I have done extensive research and found the horror stories of surgery gone wrong, loose skin after the operation, and people judging you. Gosh lets me think …hum… people judge me now for being fat. Ok I would rather be thinner and judged so one down. What if something goes wrong or there is a serious complication during surgery? “Opps” I will regret it that’s two down. Loose skin because I lost so much weight will bum me out but I will be less heavily depressed and three down. The point is our lives have been full of excuses or hopless meaningless attempts to lose weight. Stand up and smell the fat.
So I am going to make an appointment with Dr. Jaime Ricardo Ramos Kelly and have a gastric sleeve operation at the Florence Hospital (The Oasis of Hope Hospital) in Mexico. Why because it’s there, I need it, and I have enough credit to allow me to borrow to afford it. I have had pleasant correspondence with Dr Kelly the past two days and am comfortable that he is skilled and experienced. So this long stream of conscience is not a journey entry. It’s more of a declaration of intent to JUST DO IT. I am not recommending anyone just jumping into the frying pan. I am not intelligent to be afraid yet and it is too soon to regret so I am stuck with hope and the prospect of improving the quality of my life.
My journey not yet begun but I have a trip planner. I think some people need to share their journey. It seems like a necessary part of the process of dealing with the arduous ordeal of confronting the serious issue or a long term struggle with weight loss compounded by the fear of an unknown future out come based on a life altering irreversible decision.
These accounts provide meaningful insight and for the most part console and reinforce the fervent hope that there is life after fat. I have read several sincere and well-written accounts that attempt to pull back the curtain and show the reality of the surgery.

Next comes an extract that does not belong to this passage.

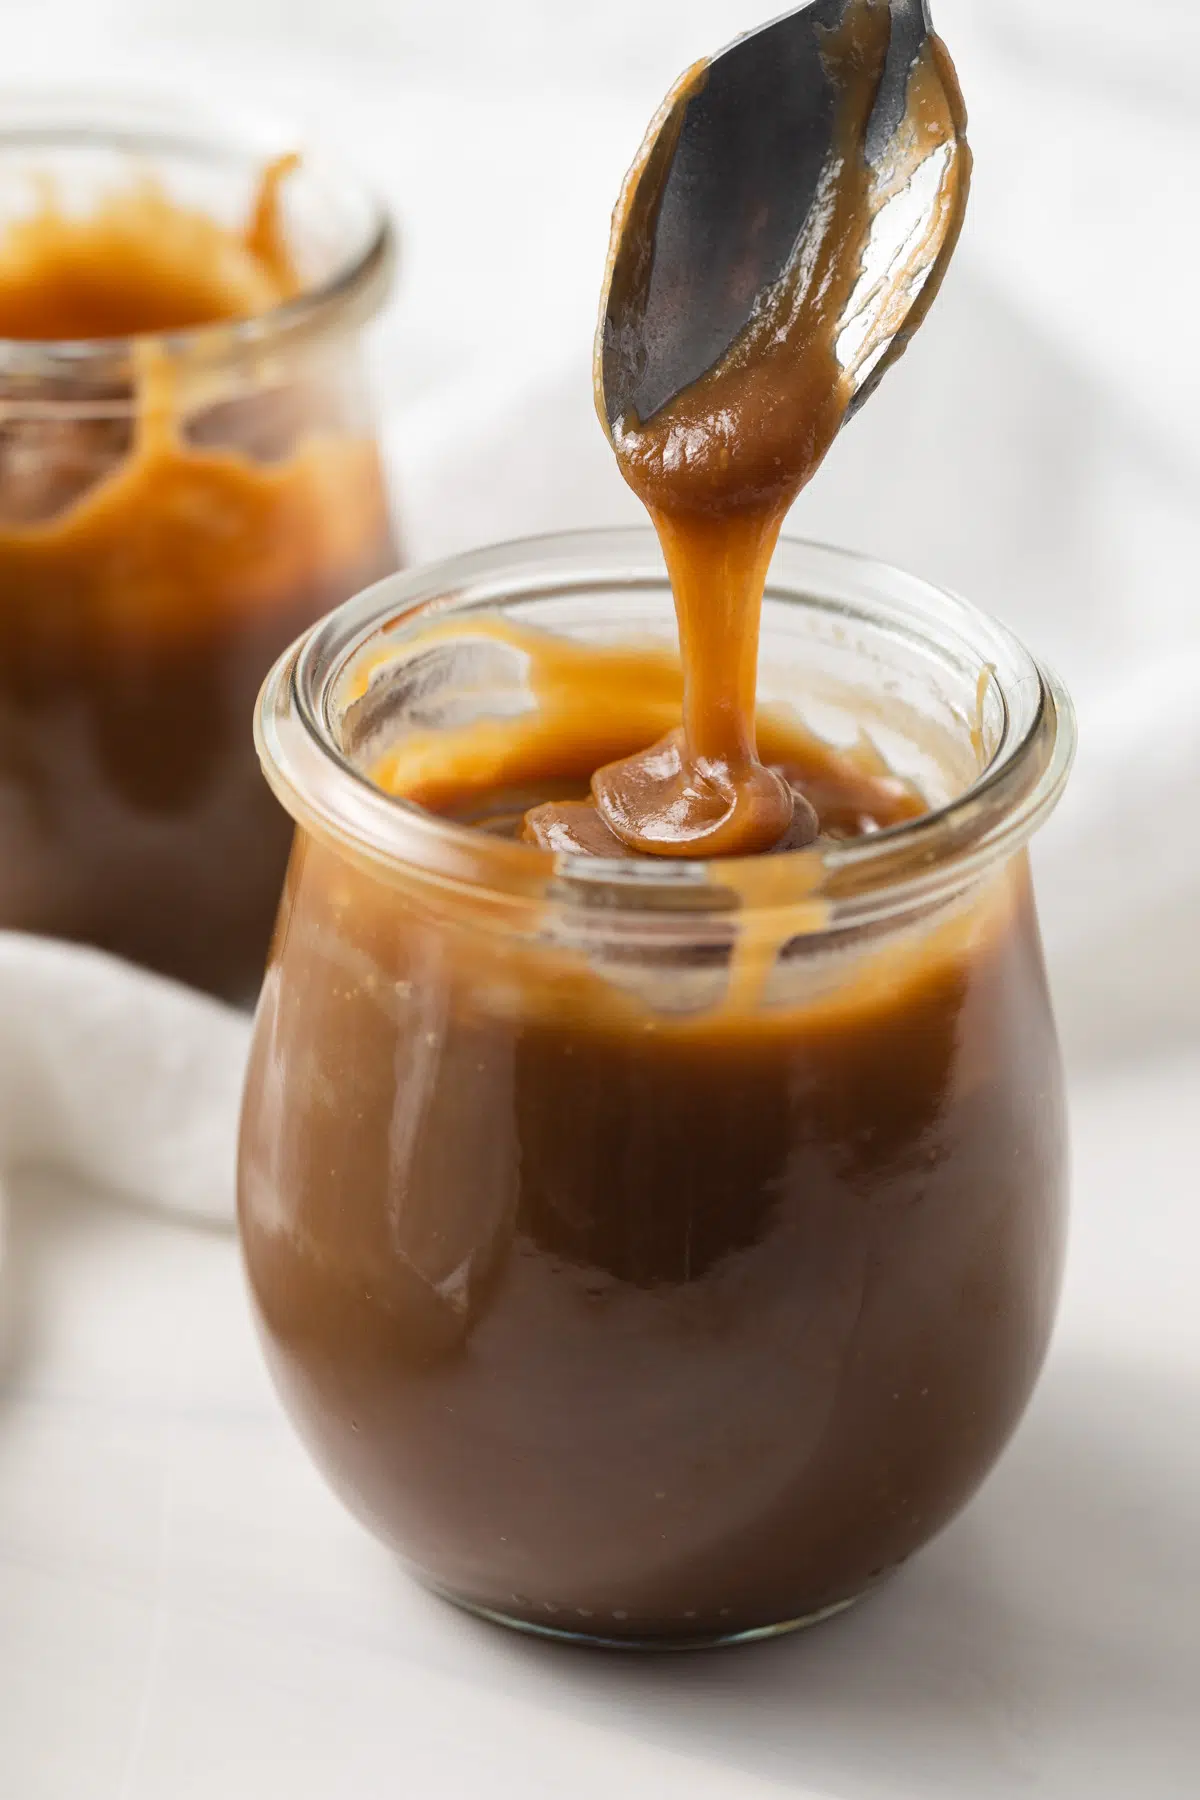 Butterscotch sauce drizzled off spoon into jar.

The dream of successful long lasting weight loss and its actual implementation are fraught with harsh issues on need to consider. There are stories that reveal disappointing failure as well as over the top fawning over medical staff and super coordinators. Somewhere in the middle lies the semi-truth of it. We want to beleive. No check that. We need to believe that the success stories will one day contain a befroe and after picture of our own.

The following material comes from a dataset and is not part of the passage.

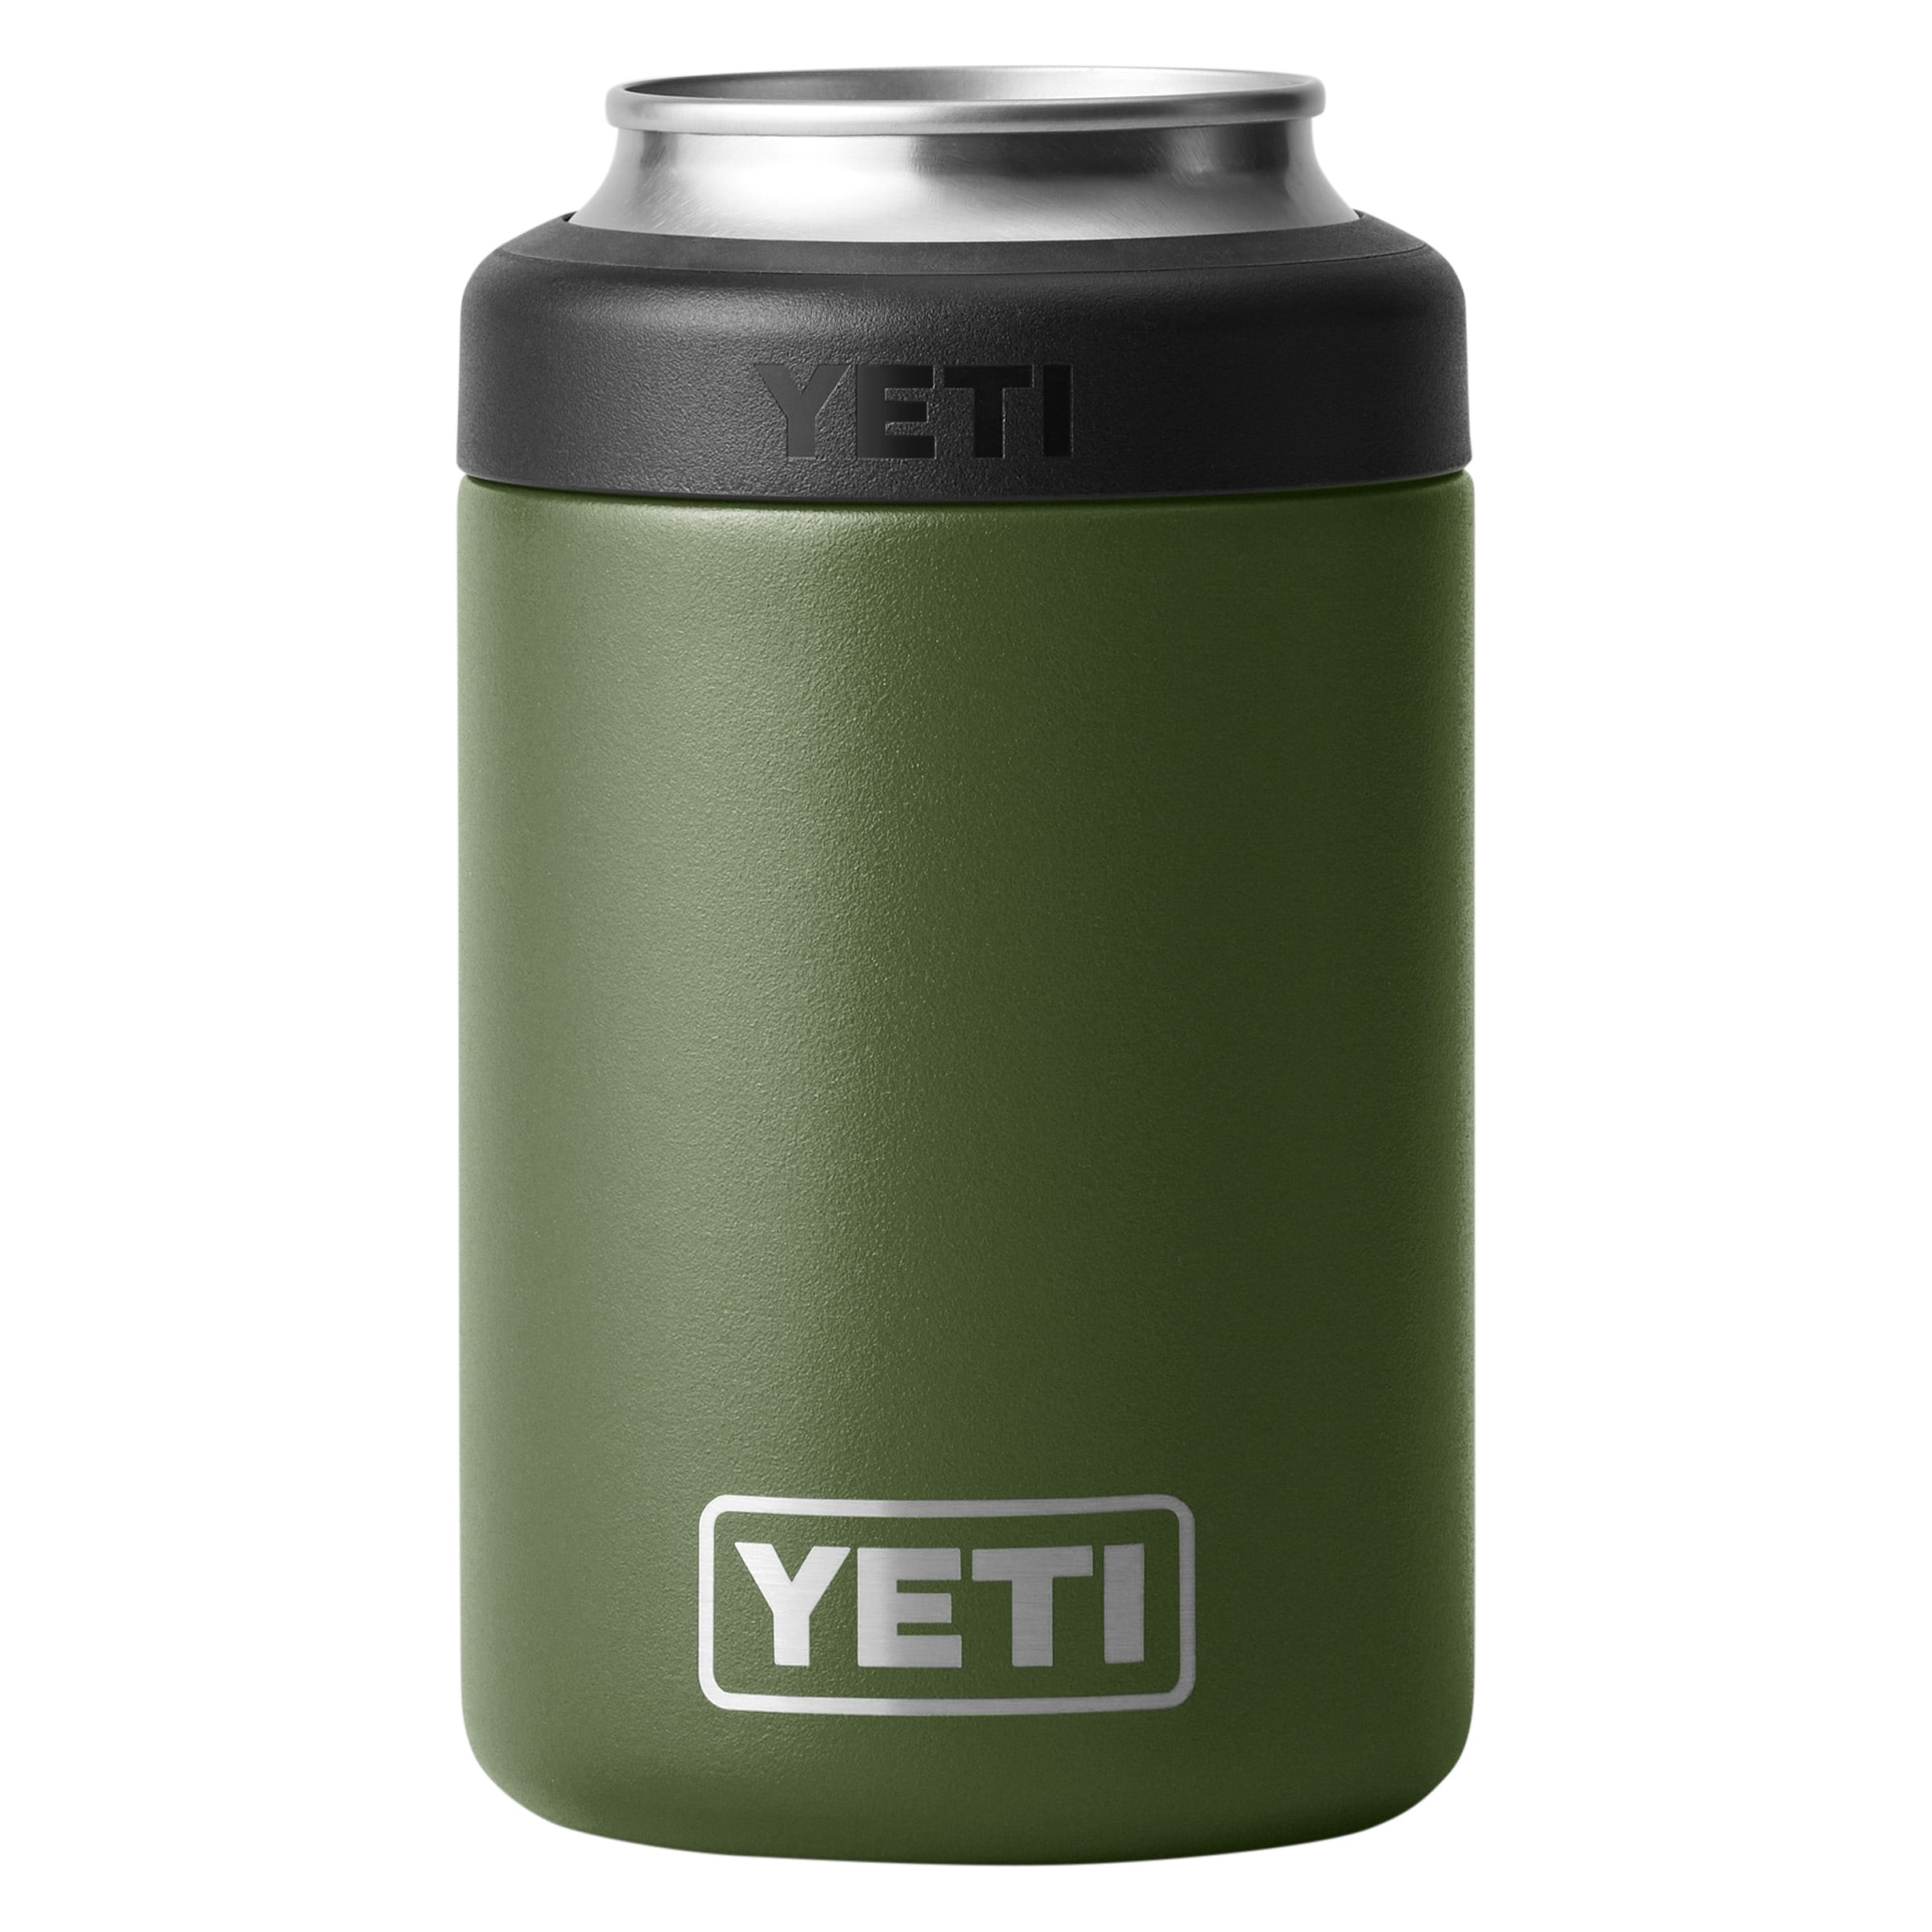 Yeti Rambler Colster 2.0 Cooler Can Extender 473ml / 16oz NOW in 5

If you have scanned the forums you will find that the competitive marketing methods and/or tactics that some agencies employ confuse and distract from the clients ability to compare and analyze meaningful options for true consideration. Many accounts on the forums under the guised of praising a doctor, spend more text on the great organizer or consultant that took them shopping and visited them at the hospital than giving an account of the doctor’s competence. Other accounts slander Doctors not affiliated with their agency or under contractual agreement so they can be charged finds fees. The poor Physicians must be frustrated trying to tread water in this sea of dismal commerce but it the nature of the beast.
Once I get to the starting line I would be happy to share if anyone other than me cares. I am going to do this alone. I don’t want my wife to accompany me. She will be worried and scarred and frankly this is about me. I am doing it for myself and will do it by myself. Naturally when I return home I will be the wounded little boy who needs complete and sensitive attention and support. So I guess this was my intro. I fear only lost opportunity.